**Prompt**
Please take the lines from the one holding "Suffolk huts" through the one holding "เสื้อ Under Armour" in the data below and copy them exactly.

**Source material**

Content starts

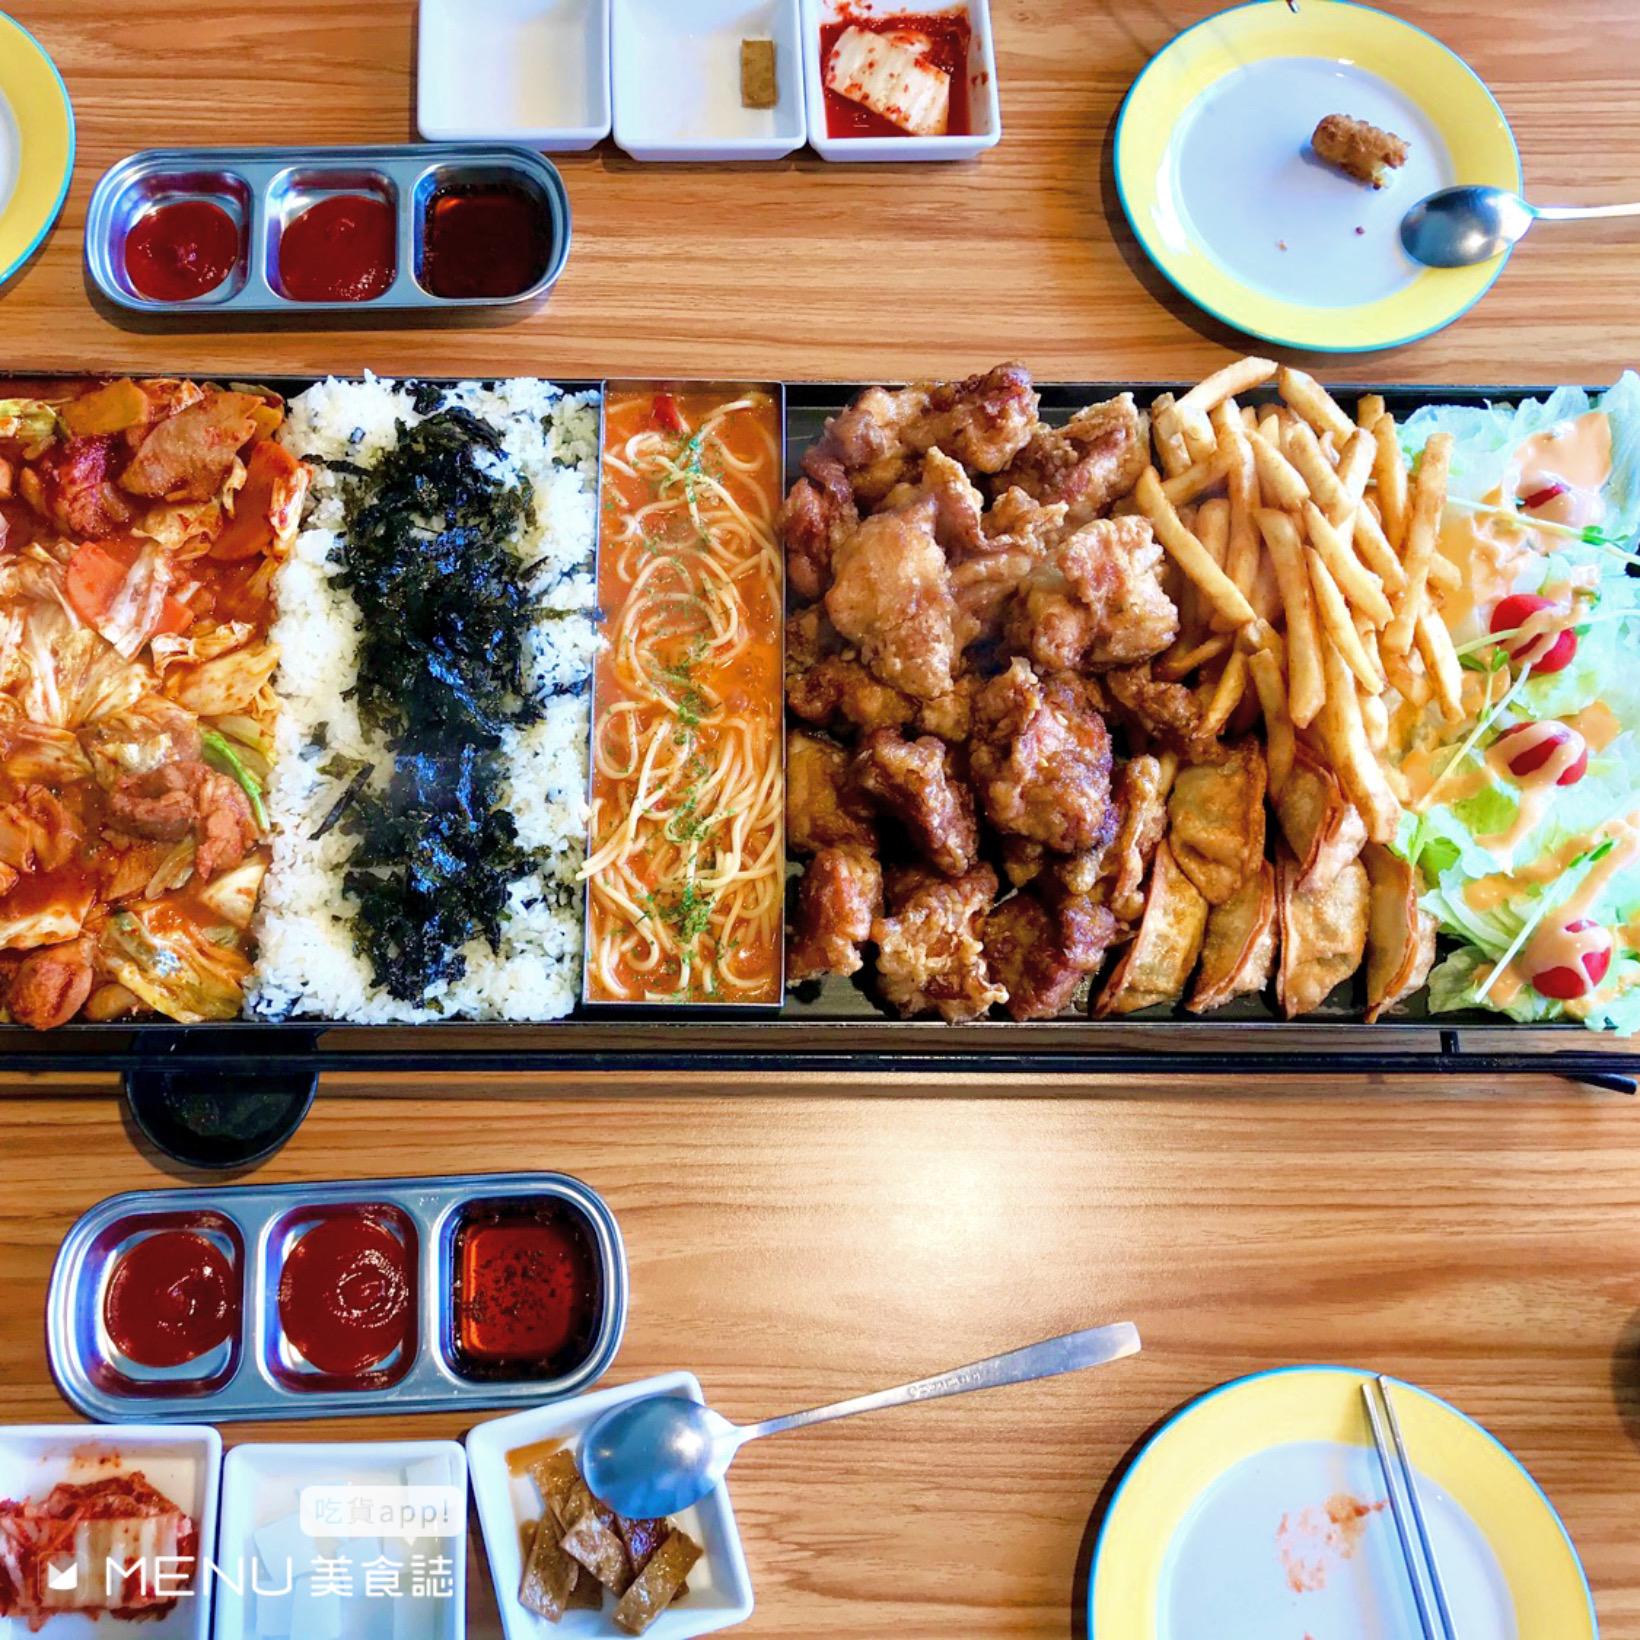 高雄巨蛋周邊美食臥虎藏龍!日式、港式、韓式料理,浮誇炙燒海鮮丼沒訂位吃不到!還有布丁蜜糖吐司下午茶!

Content ends
Content starts

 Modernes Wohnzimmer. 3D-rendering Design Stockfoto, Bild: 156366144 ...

Content ends
Content starts

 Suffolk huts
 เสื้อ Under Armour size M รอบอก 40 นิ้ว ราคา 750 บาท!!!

Content ends

**Reply**
 Suffolk huts
 เสื้อ Under Armour size M รอบอก 40 นิ้ว ราคา 750 บาท!!!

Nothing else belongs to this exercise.